Well, in what other circumstances would you have been called upon to give your take on race relations?

He laughs. “Exactly. I’m brown and I’m on a bus when some racist shit goes down. All of a sudden, I’m Reverend Al Sharpton of Australia.”

Public shaming – even if it achieve results – gives only the illusion of positive change, Nayna says. “Whether subconsciously or consciously, it’s about people climbing social hierarchies – that’s all it is, really. If you genuinely wanted to change things, you’d do small things. You’d clean your room, see if your neighbour wants something.

“You’re not going to change the world by writing a blog.”

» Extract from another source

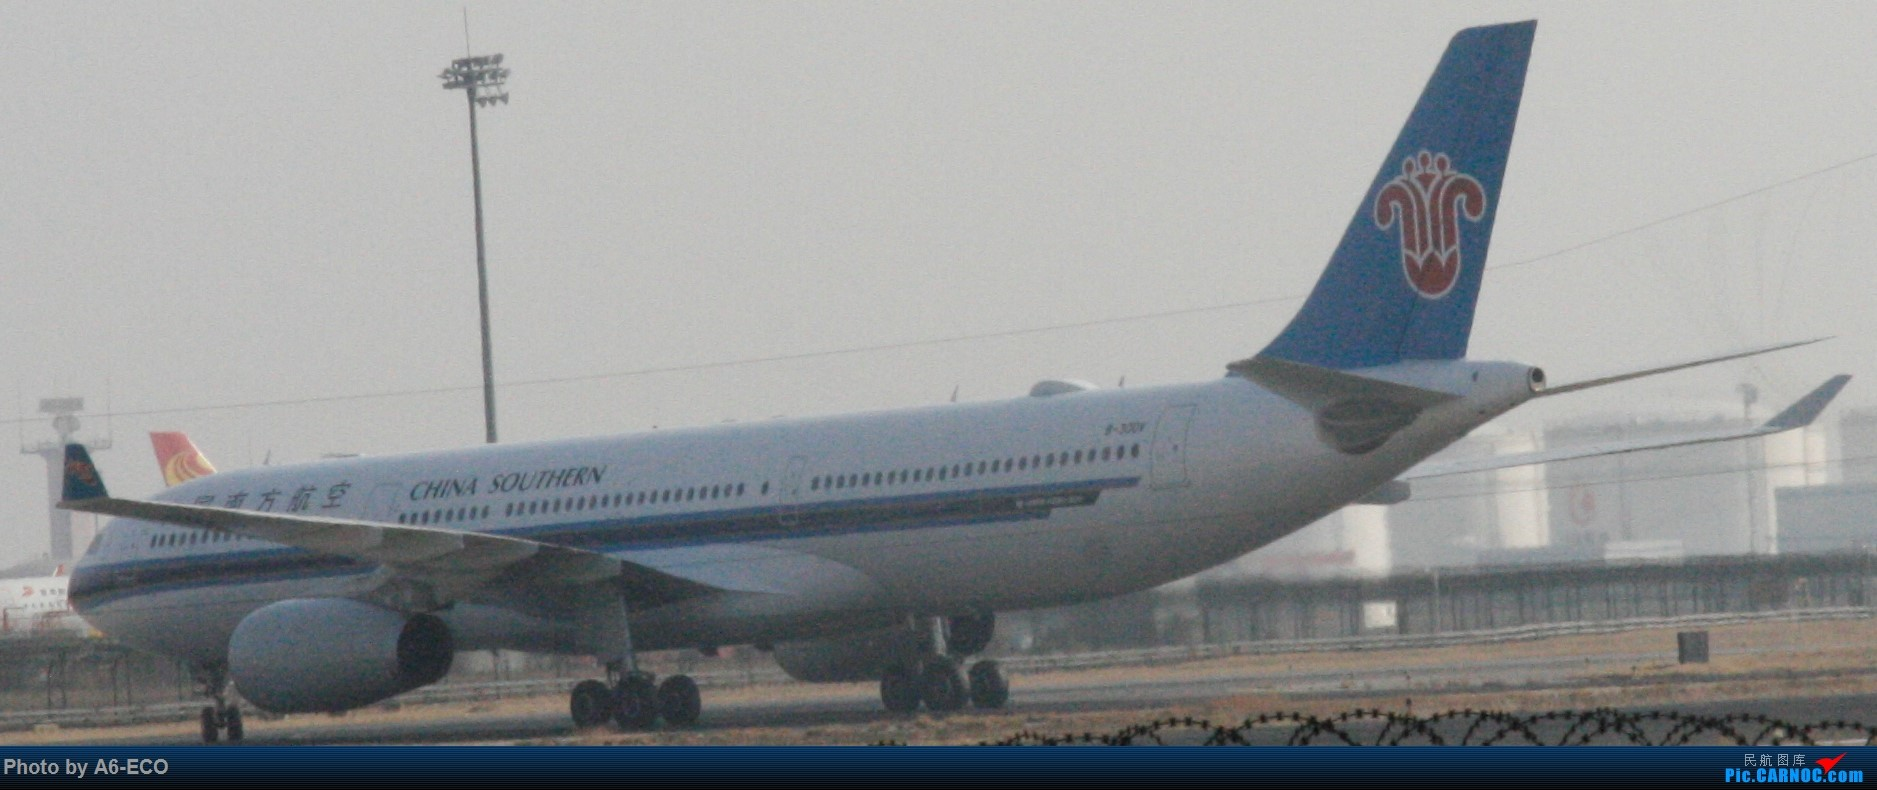 Re:[原创]今天运气极好,云南孔雀,B-1070,2个菜航邮戳,泡菜航彩绘,东航邮戳...... AIRBUS A330-300 B-300V 中国北京首都国际机场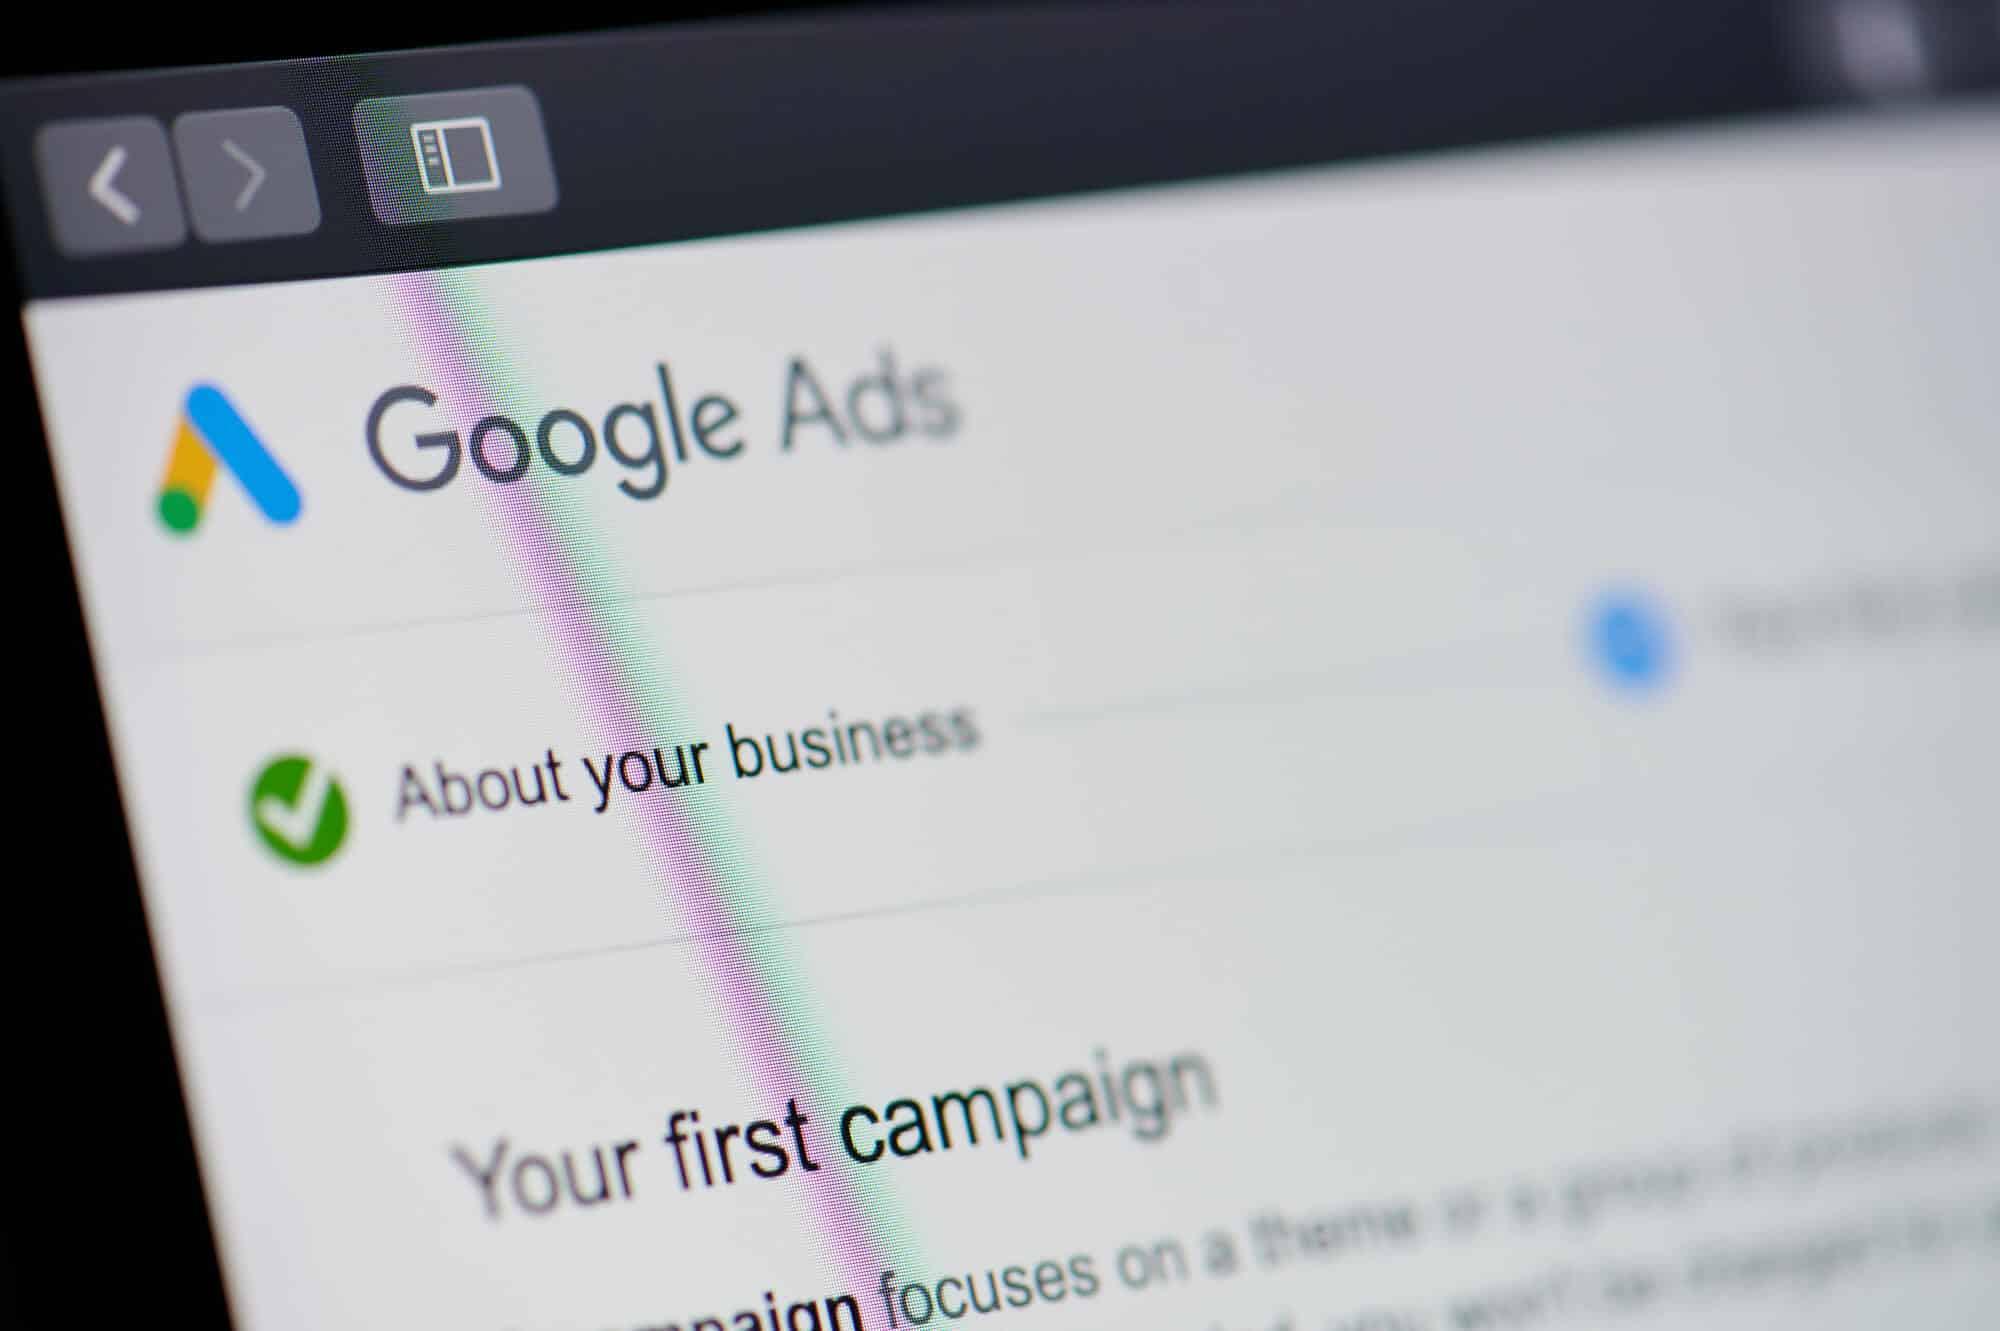 Big Easy SEO - Google Ads Marketing Strategies

Digilante offers no answers; Nayna says he has none to give. But it does give more context to his three-minute clip, dismantling the narrative established in the months, then years, after Nayna uploaded his video.

Desaintjores does not consider herself a victim; Stewart, for his part, was in that win-or-lose mindset that comes from being newly out of prison. He only agreed to be interviewed after Nayna ran into him by chance outside his Collingwood apartment.

“His expression was like he was expecting a hit,” Nayna says. “Like a stranger comes up to this man, he expects them to hit him – that’s the kind of world this guy’s living in.”

The one voice missing from Digilante is that of Graham, in some ways its central character. That was not for want of trying, Nayna says.

“He’s completely off the grid … I wouldn’t be surprised if he changed his name or moved to Queensland or something like that,” he says. “He’s certainly not on the internet, anyway.”

Digilante – produced with assistance from Screen Australia, the ABC and Film Victoria – will air on Wednesday 21 December at 9.30pm AEDT on ABC2.